Пользуюсь ли я терпимостью и, скажем, демократией? Да, пользуюсь, но, как и большинство пользователей, не отдаю себе отчета в том, что это такое. Мы живем в мире масок: скажем, играя с младшим сыном, я люблю надевать страшную маску и пугать его. Он отлично знает, что под маской папа, но плачет и боится совершенно всерьез. Так же и мы. Нильс Бор однажды выдал знаменитую формулу: его спросили, зачем у него в загородном доме подкова на входе прибита, неужели, мол, он верит в эту ерунду? Он ответил: «Нет, конечно, но она помогает и тем, кто не верит». Так вот, я пользуюсь демократией – но спросите меня, верю ли я в нее, и ответ, к моему собственному ужасу, будет «нет». Все это не означает, что я сталинист, конечно. В конце концов терпимость – это ваша готовность оправдывать ближнего, заходя все дальше в попытках его понять. Скажем, на службе он совершает злодейства, но, приходя домой, становится нежнейшим мужем и отцом, гладит там детей по головам… Когда израильтяне арестовали Эйхмана, главная линия его обороны была предсказуема: я солдат, мне так приказывали, что приказывали – то и делал… Это даже подало Ханне Арендт повод покритиковать кантовскую этику: выходит, она не абсолютна. Человек вот так понимал свой долг и тем вполне успешно оправдывал себя.
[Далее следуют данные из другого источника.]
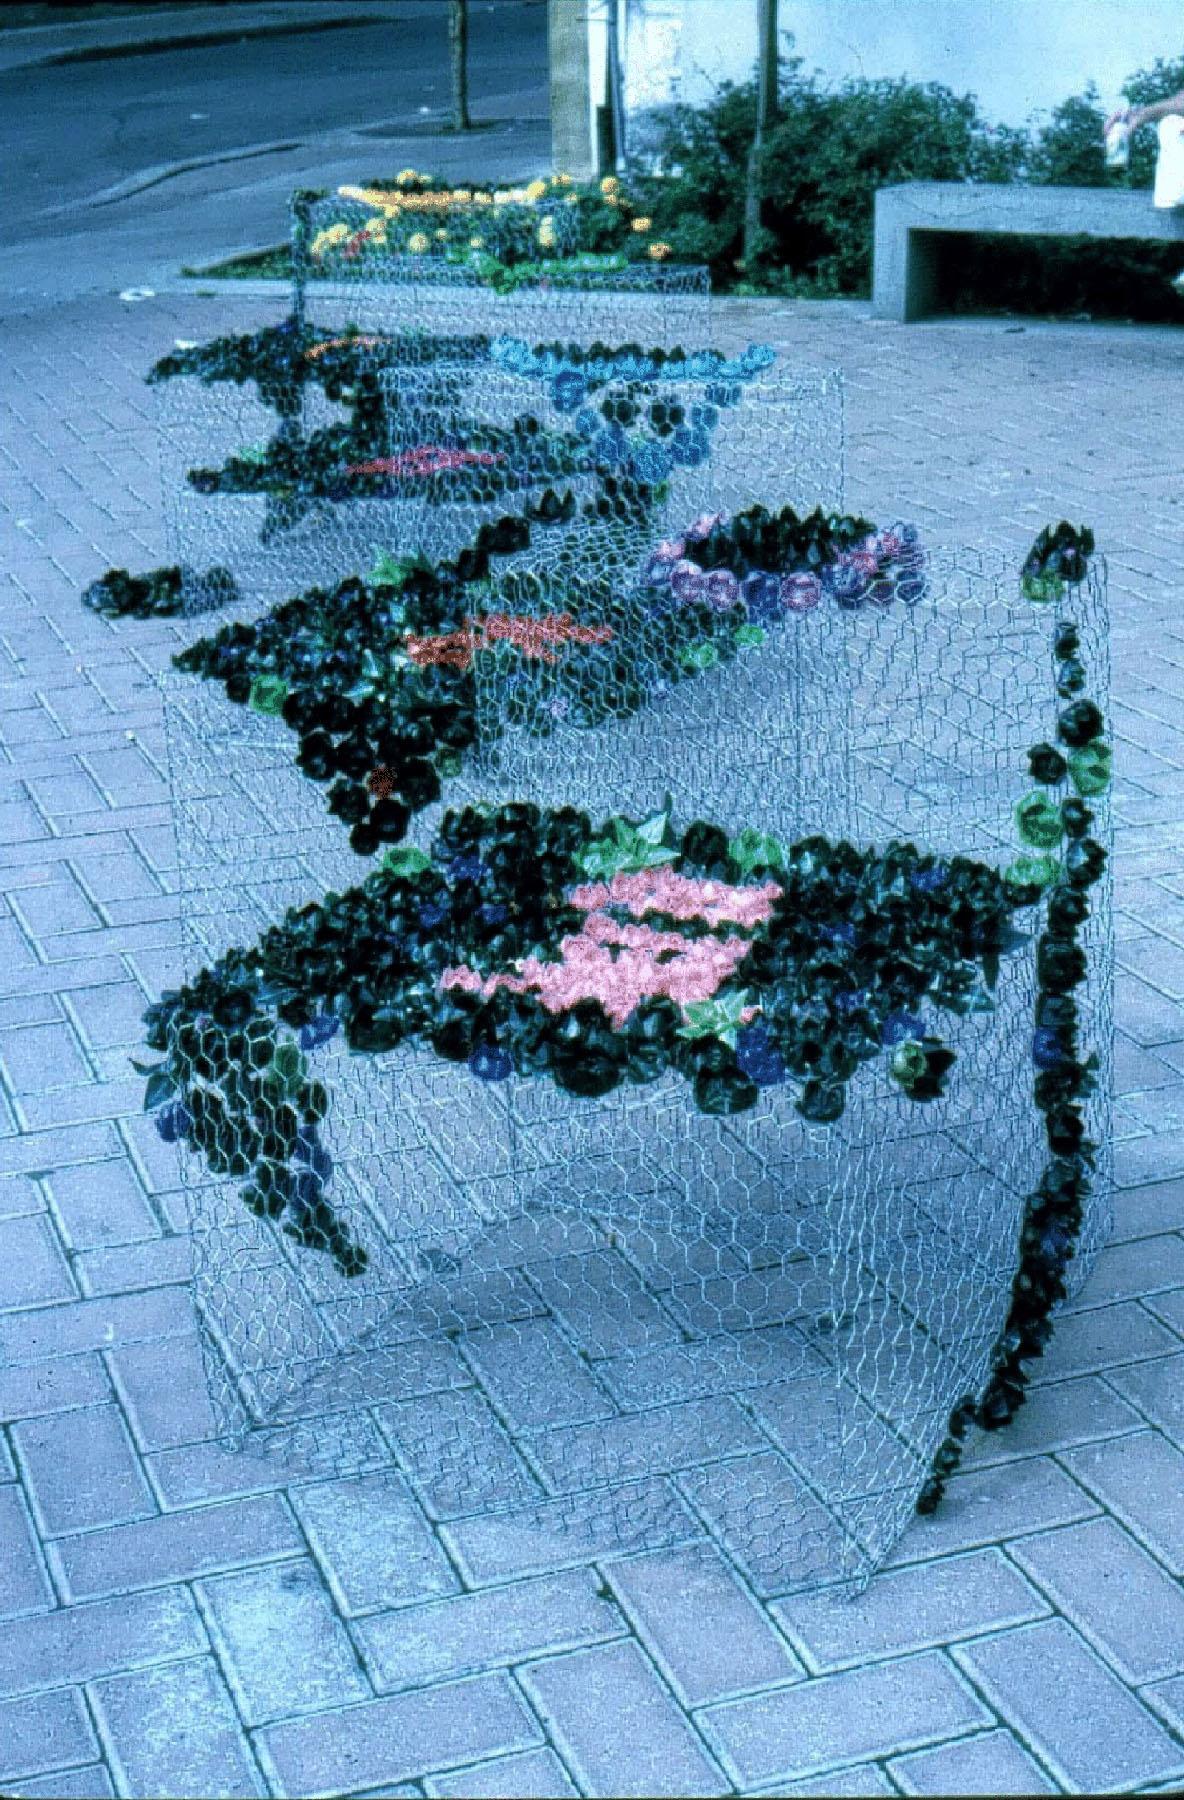 Œuvre artistique sur une place publique.

Ну, и толерантность готова оправдывать уже практически что угодно…

Мы живем вообще в странном, карнавальном мире: разумею карнавал в бахтинском смысле. Это только кажется, что, когда верх и низ меняются местами, смешно. На самом деле это довольно страшно, и мир толерантности – как раз в огромной степени мир карнавальных, смещенных ценностей. Я играю в компьютерную игру «Сталинское метро», она мне нравится, я там сталинский агент, убиваю людей на каждом шагу, – но что после этого отделяет меня от компьютерной игры «Аушвиц», где я буду капо, буду людей на смерть отправлять?

Больше скажу: один мой коллега был не в курсе разоблачений в Ираке, когда там нашли тюрьму Абу-Грейб. Я ему показал фотографию оттуда, где голые заключенные лежат друг на друге, и спрашиваю: что это, по-твоему? Он говорит: какой-нибудь радикальный перформанс нью-йоркских художников… Он прав в том смысле, что это и был радикальный перформанс. То есть люди так играли. Они же не звери, эти солдаты, они тоже наверняка были до этого приличными людьми. Но в мире смещенных ценностей играют в такие игры.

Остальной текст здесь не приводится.